Le dessin très soigné, au style original et détaillé accentue assez bien l'histoire. Il parvient à nous offrir des personnages au design réussi, tout en soignant les détails pour mieux souligner les moments les plus déroutants du récit. Toutefois, ce même récit questionne, tant la morale y est ici brisée en mille morceaux et passée à tabac. Cette cruauté dépeinte dans From the Red Fog est telle que je déconseille sa lecture à n'importe quel public. A savoir que des scènes de meurtre, de violence, de suggestion de viol et de mutilations sont très présentes dans ce manga. Sa lecture se destine donc à un public adulte et responsable.

Un autre point qui m'a vraiment surprise restait la gestion du rythme de la narration du manga. A chaque tome, je n'ai ressenti aucune lenteur. La rythmique est telle que je me surprenais à enchainer la lecture des pages et de remarquer que j'avais depuis longtemps dépassé la moitié des tomes. On ne s'ennuie jamais et les séquences sont variées et riches en émotions fortes. On ne ressort certes pas indemne après la lecture de From the Red Fog. Qu'on apprécie ou non sa lecture, on peut difficilement rester indifférent face à lui.

Si malgré tout, vous êtes à la recherche d'une œuvre sans concession qui vous dépeint une Angleterre du 19e siècle, au contact d'enfants au destin tragique, avec des meurtres, de la violence et le tout mélangé dans un cocktail viscéral et plutôt original avec un dessin plutôt soigné, From the Red Fog peut certainement vous plaire.

Il est certes loin d'être le manga de l'année, toutefois, bien qu'il puisse aisément nous laisser perplexe après sa lecture tant sa façon d'aborder ses thématiques reste très osée, il n'en demeure pas moins un manga assez bien maitrisé, avec son lot de questions et d'indices nous invitant à nous demander: Jusqu'où les prochains tomes vont ils aller dans ce déluge de sang et de folie ? Mais surtout, sur quoi toutes ces atrocités vont-elles déboucher ?

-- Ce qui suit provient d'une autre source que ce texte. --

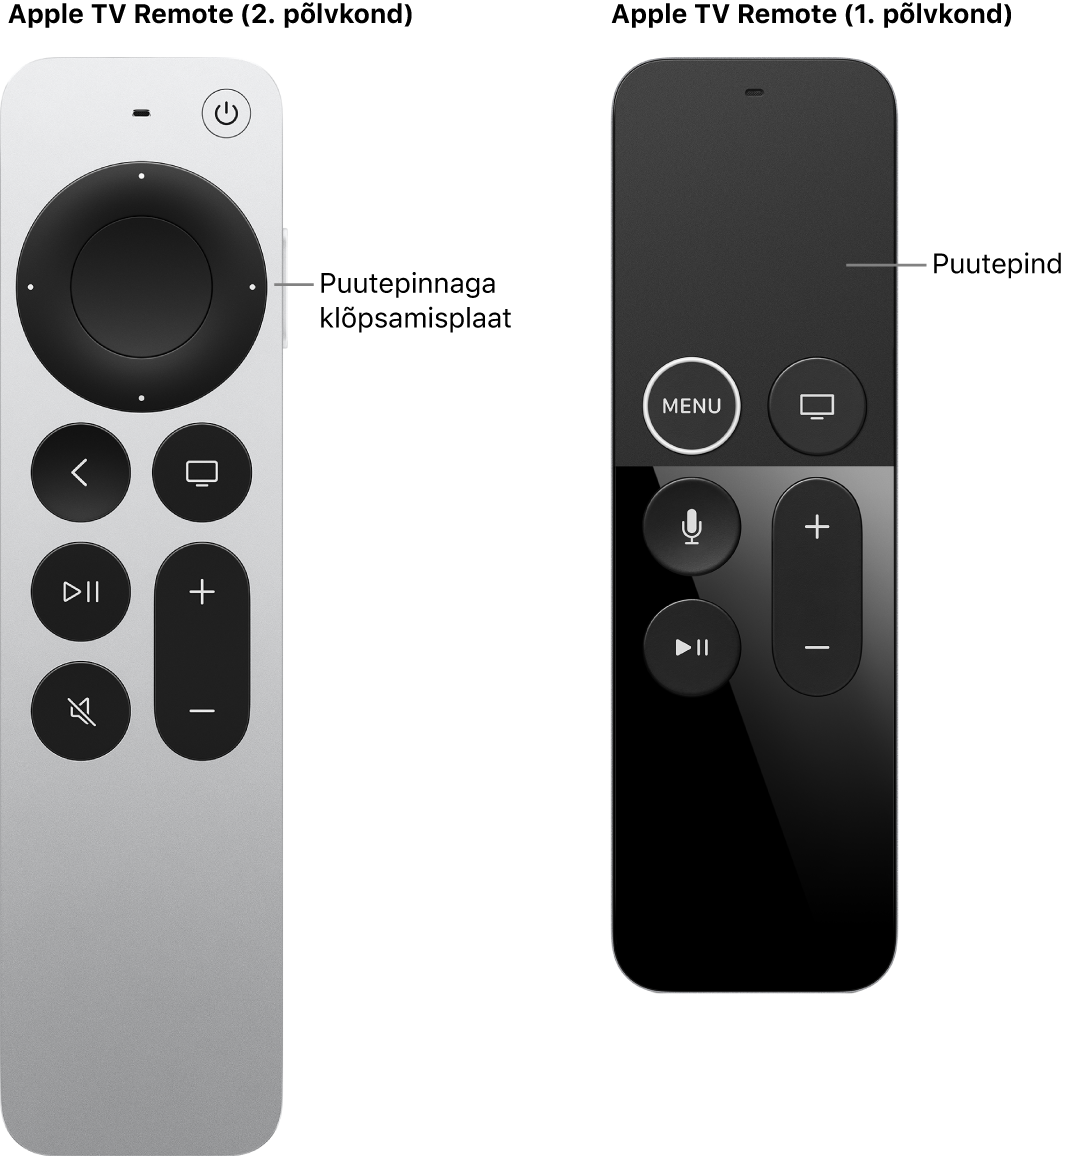 Apple TV Remote (2. ja 3. põlvkond) klõpsamisplaadiga ning Apple TV Remote (1. põlvkond) puutepinnaga.

Plus que de simples horreurs banales, From the Red Fog nous montre sans détour la misère humaine écrasée sous la monstruosité de la vie.

Un manga à réserver à un public averti, donc.

Attention toutefois, quelques maladresses dans la narration et dans la mise en forme des cases et du dessin peuvent parfois sortir de l'intrigue. Rien de bien méchant, mais il en découle parfois un aspect à la fois inégale et brouillon qui gâche parfois le plaisirs de lecture. Cependant, on n'en perd que rarement une miette tant le rythme reste surprenamment bien maitrisé.

Par delà ses maladresses notables, je regrette également le traitement parfois superficiel du développement des personnage ainsi que de ses intrigues qui manquent parfois d'impact et de liens avec un supposé fil conducteur du récit pour créer un tout cohérent qui pourrait, entre autre, nous offrir un drame humain qui va alors crescendo dans l'horreur qu'il nous dépeint. A l'inverse, le manga se perd parfois trop dans des intrigues secondaires sans réelle réflexion sur la matière à tirée de ces dernières en rapport avec l'intrigue globale de l’œuvre, tant et si bien que dès le second tome, un aspect vite foutraque et sans recul de la mangaka face aux éléments de l'intrigue qu'il place anarchiquement viennent vite nous faire comprendre qu'hélas, elle ne maitrise pas tellement son œuvre et manque parfois de maturité pour créer un ensemble homogène et réellement soigné.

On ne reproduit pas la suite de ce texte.